The variable b should contain the following sequence : [127, 126, 125, 132, 133, 134, 121, 120, 137, 138, 117, 140, 141, 142, 143, 144, 145, 0, 147, 148, 149, 150, 151, 152, 153, 154, 155, 156, 157, 158, 159, 160].

Thanks in advance for any help.

回答1:

Yeah, the "andnot" definitely looks sketchy. Since _cst2 values are set to 0xFF, this operation will AND your _b vector with zero. I think you mixed up the order of arguments. It's the first argument that gets inverted. See the reference.

I don't understand the rest of the guff with conversions etc either. You just need this:

__m256i _a, _b;
_a = _mm256_stream_load_si256( reinterpret_cast<__m256i*>(a) );
_b = _mm256_xor_si256( _a, _mm256_set1_epi8( 0x7f ) );
_b = _mm256_andnot_si256( _b, _mm256_set1_epi8( 0xff ) );
_mm256_stream_si256( reinterpret_cast<__m256i*>(b), _b );

An alternative solution is to just add 128, but I'm not certain of the implications of overflow in this case:

__m256i _a, _b;
_a = _mm256_stream_load_si256( reinterpret_cast<__m256i*>(a) );
_b = _mm256_add_epi8( _a, _mm256_set1_epi8( 0x80 ) );
_mm256_stream_si256( reinterpret_cast<__m256i*>(b), _b );

One final important thing is that your a and b arrays MUST have 32-byte alignment. If you are using C++11 you can use alignas:

alignas(32) signed char a[32] = { -1,-2,-3,4,5,6,-7,-8,9,10,-11,12,13,14,15,16,17,
                                 -128,19,20,21,22,23,24,25,26,27,28,29,30,31,32 };
alignas(32) unsigned char b[32] = {0};

Otherwise you will need to use non-aligned load and store instructions, i.e. _mm256_loadu_si256 and _mm256_storeu_si256. But those don't have the same non-temporal cache properties as the stream instructions.

回答2:

You're just talking about adding 128 to each byte, right? That shifts the range from [-128..127] to [0..255]. The trick for adding 128 when you can only use 8bit operands is to subtract -128.

However, adding 0x80 works as well, when the result is truncated to 8 bits. (because of two's complement). Adding is good, because it doesn't matter which order the operands are in, so the compiler can use a load-and-add instruction (folding the memory operand into the load).

Adding/subtracting -128, with the carry/borrow stopped by the element boundary, is equivalent to xor (aka carryless add).

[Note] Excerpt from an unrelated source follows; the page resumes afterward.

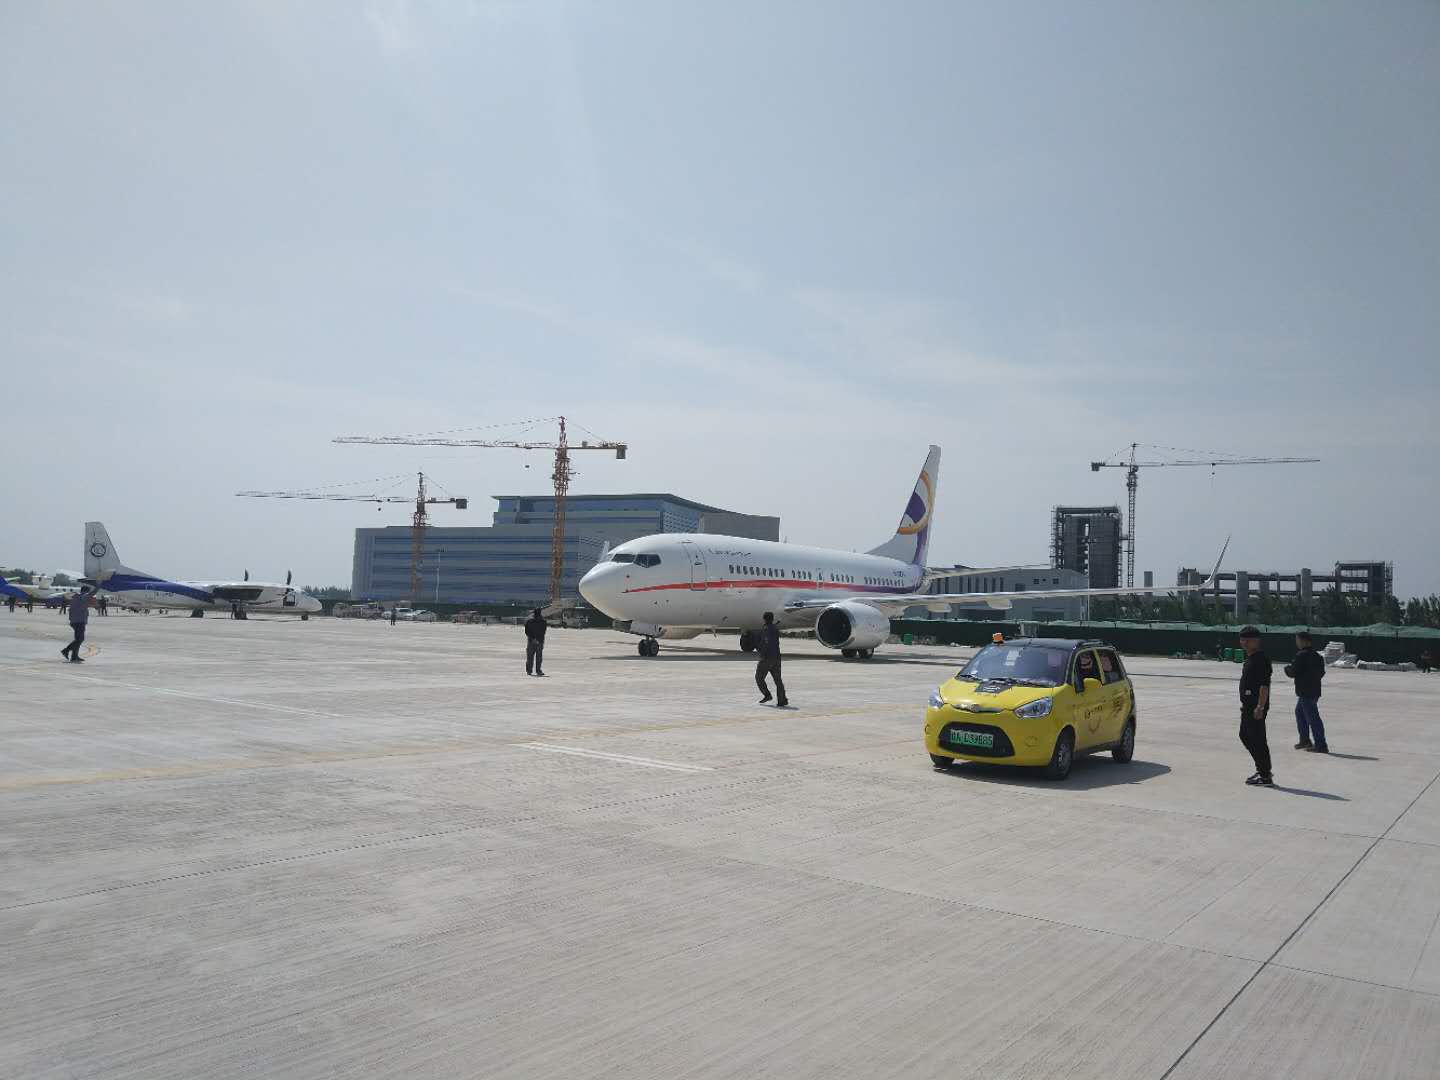 最亮眼的机型来了!首架大型窄体客机波音737bbj抵达郑州上街机场

Using pxor could be a small advantage on Intel Core2 through Broadwell, since Intel must have thought it was worth it to add paddb/w/d/q hardware on port0 for Skylake (giving them one per 0.333c throughput like pxor). (Thanks @harold for pointing this out). Both instructions only require SSE2.

XOR is also potentially useful for SWAR unaligned cleanup, or for SIMD architectures that don't have a byte-size add/subtract operation.

You shouldn't use _a for your variable name. _ names are reserved. I tend to use names like veca or va, and preferably something more descriptive for temporaries. (Like a_unpacked).

__m256i signed_bytes = _mm256_loadu_si256(reinterpret_cast<const __m256i*>(a));
__m256i unsigned_bytes = _mm256_add_epi8(signed_bytes, _mm256_set1_epi8(-128));

Yes, it's that simple, you don't need two's-complement bithacks. For one thing, your way needs two separate 32B masks, which increases your cache footprint. (But see What are the best instruction sequences to generate vector constants on the fly? You (or the compiler) could generate the vector of -128 bytes using 3 instructions, or a broadcast-load from a 4B constant.)

Only use _mm256_stream_load_si256 for I/O (e.g. reading from video RAM). Don't use it for reading from "normal" (writeback) memory; it doesn't do what you think it does. (I don't think it has any particular downside, though. It just works like a normal vmovdqa load). I put some links about that in another answer I wrote recently.

Streaming stores are useful to normal (writeback) memory regions. However, they're a good idea only if you're not going to read that memory again any time soon. If that's the case, you should probably do this conversion from signed to unsigned on the fly in the code that reads this data, because it's super-cheap. Just keep your data in one format or the other, and convert on the fly in code that needs it the other way. Only needing one copy of it in cache is a huge win compared to saving one instruction in some loops.

Also google "cache blocking" (aka loop tiling) and read about optimizing your code to work in small chunks to increase computational density. (Do as much stuff as possible with data while it's in cache.)